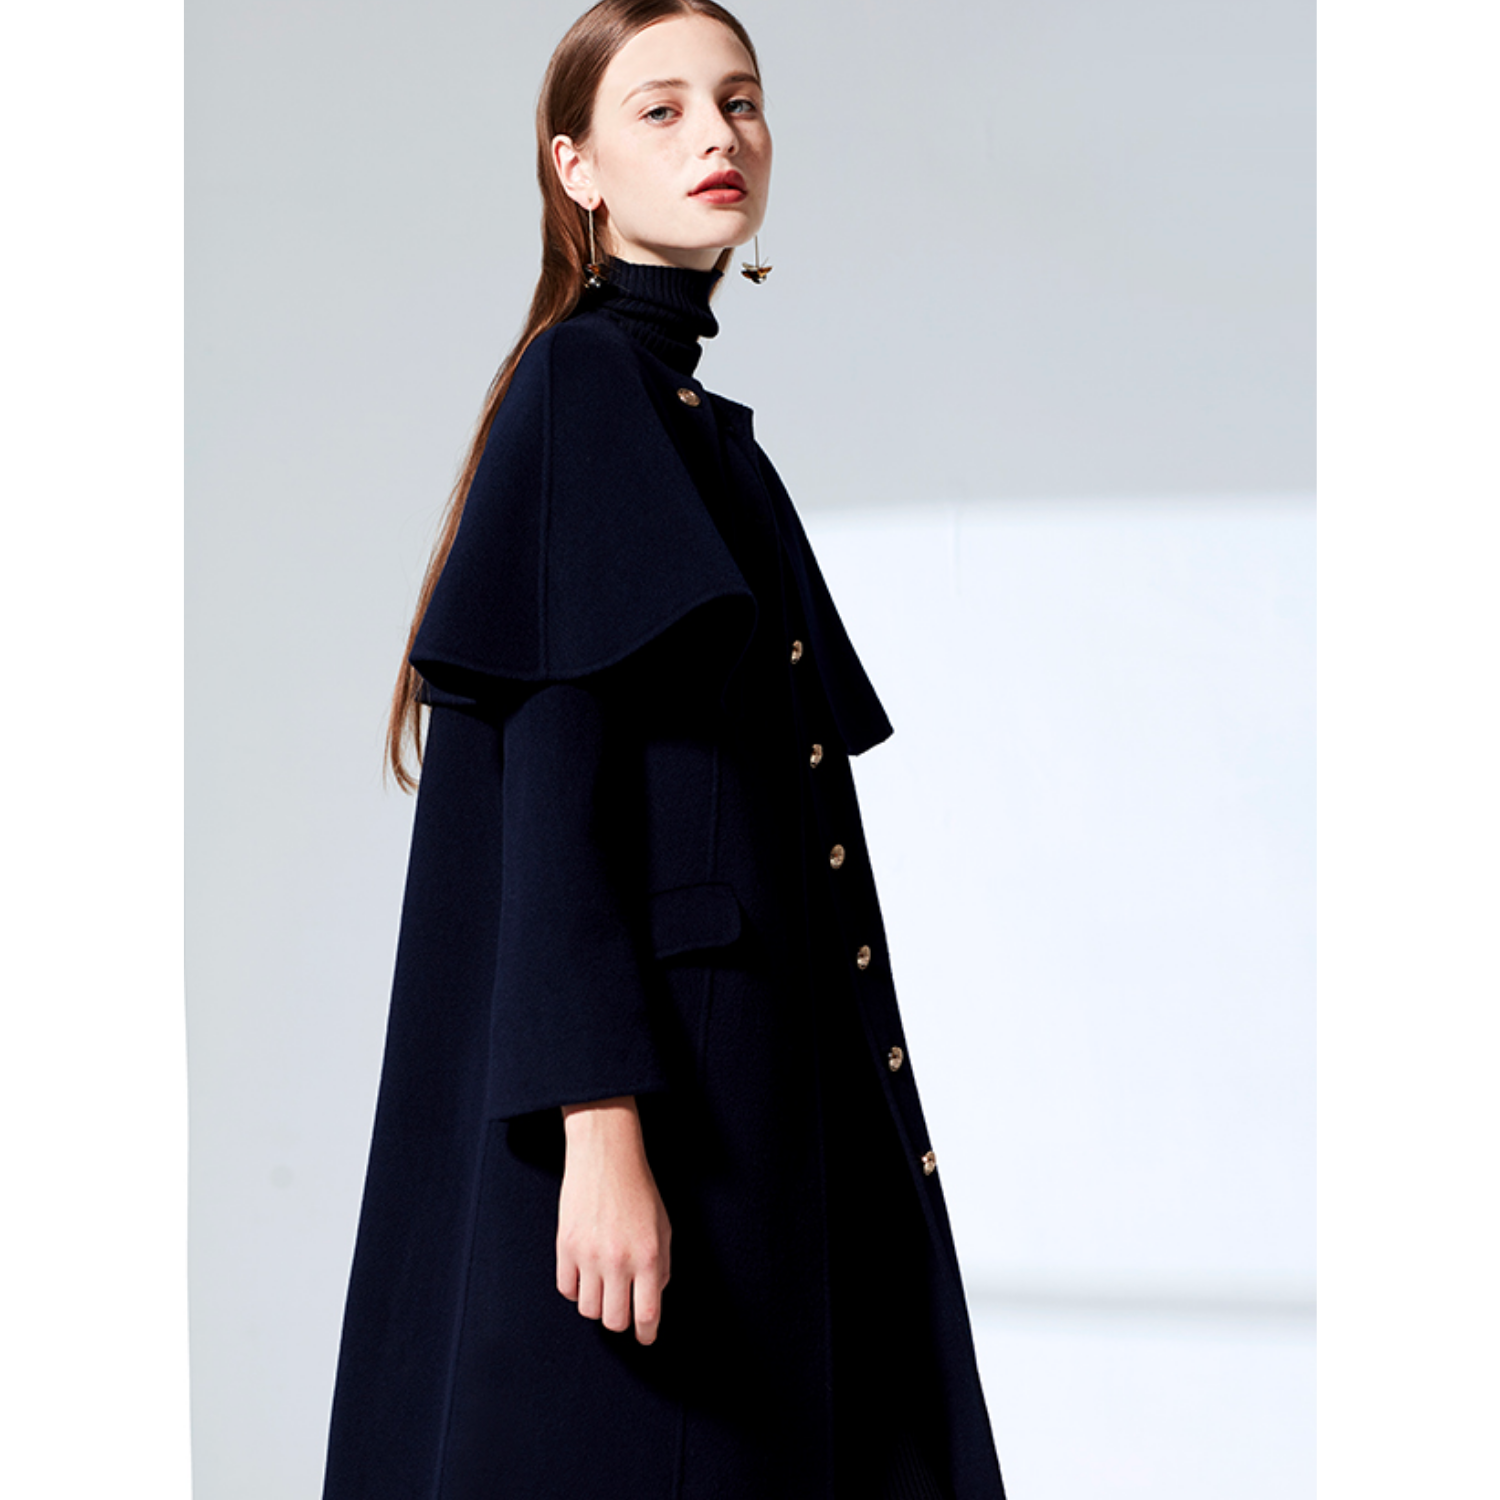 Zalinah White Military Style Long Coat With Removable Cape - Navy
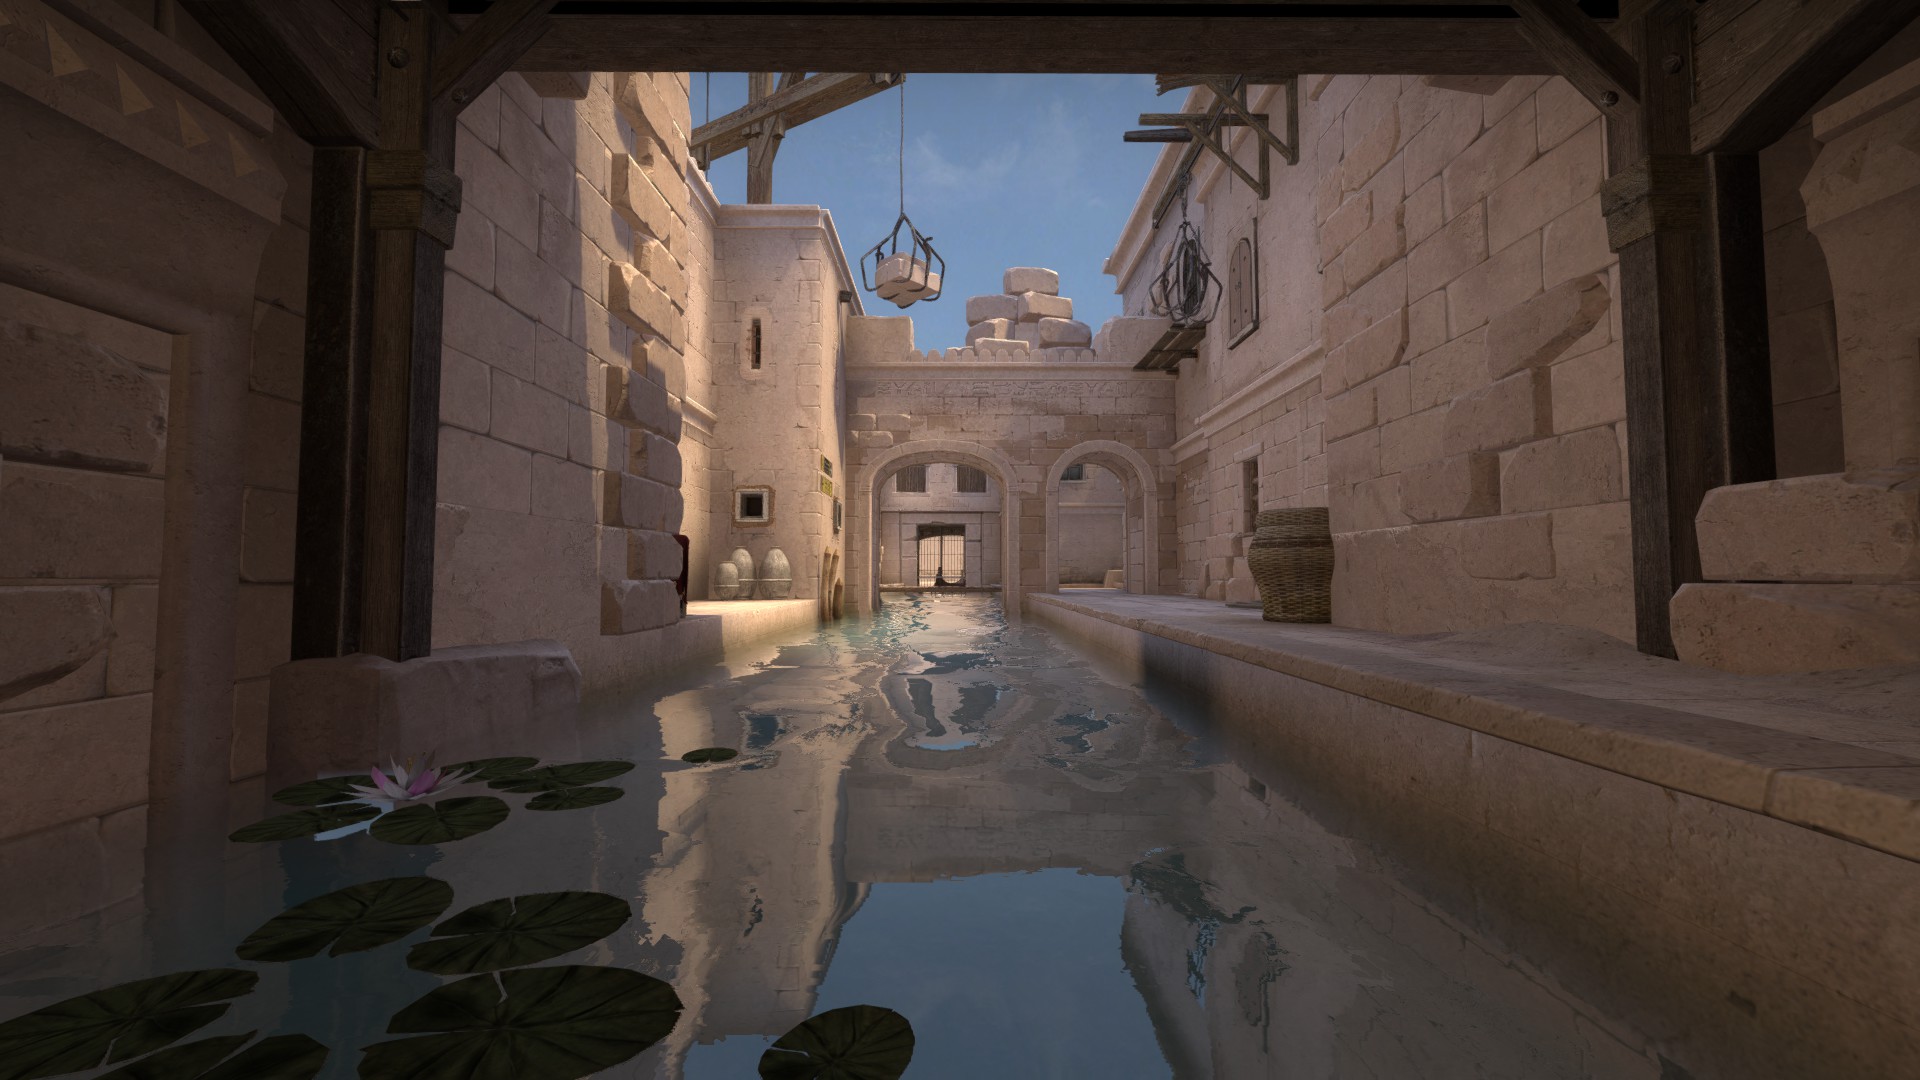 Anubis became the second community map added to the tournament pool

----

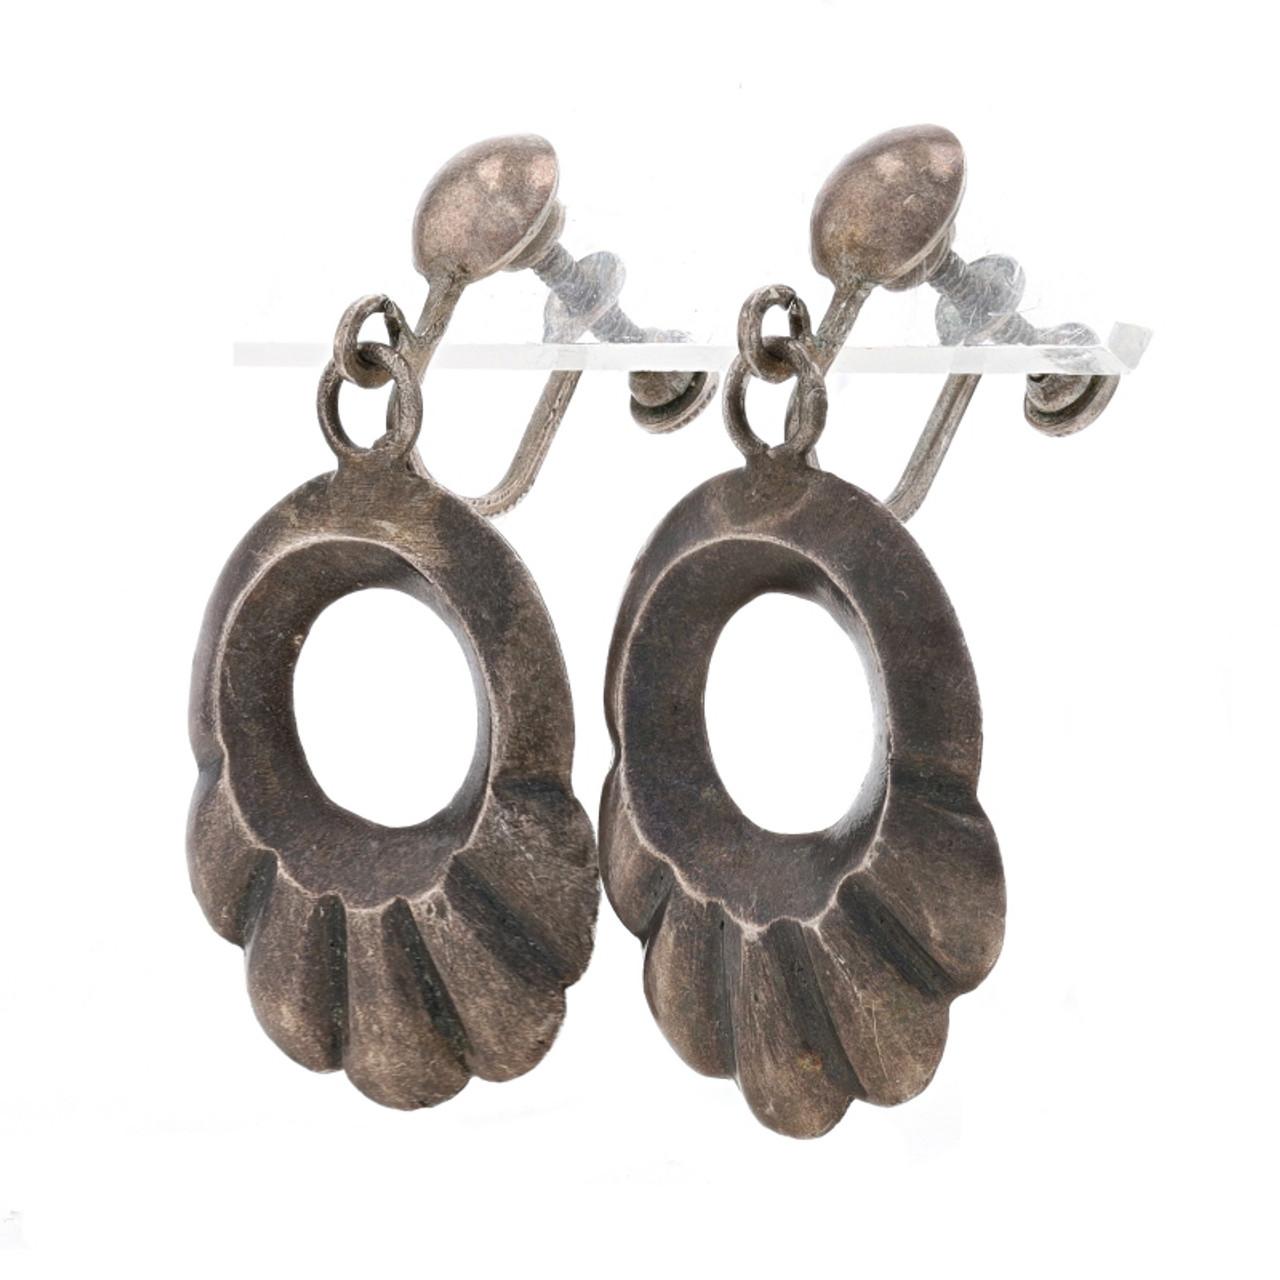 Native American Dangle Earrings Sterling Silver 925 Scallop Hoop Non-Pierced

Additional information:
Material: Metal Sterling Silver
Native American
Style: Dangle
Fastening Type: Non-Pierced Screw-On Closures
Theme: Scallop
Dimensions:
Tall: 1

----

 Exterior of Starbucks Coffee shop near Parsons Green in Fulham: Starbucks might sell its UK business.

----

Go back to the listing above and reproduce, exactly, the stretch from the line bearing "Zalinah White Military" through the line bearing "Anubis became the", without its pictures.

 Zalinah White Military Style Long Coat With Removable Cape - Navy
 Anubis became the second community map added to the tournament pool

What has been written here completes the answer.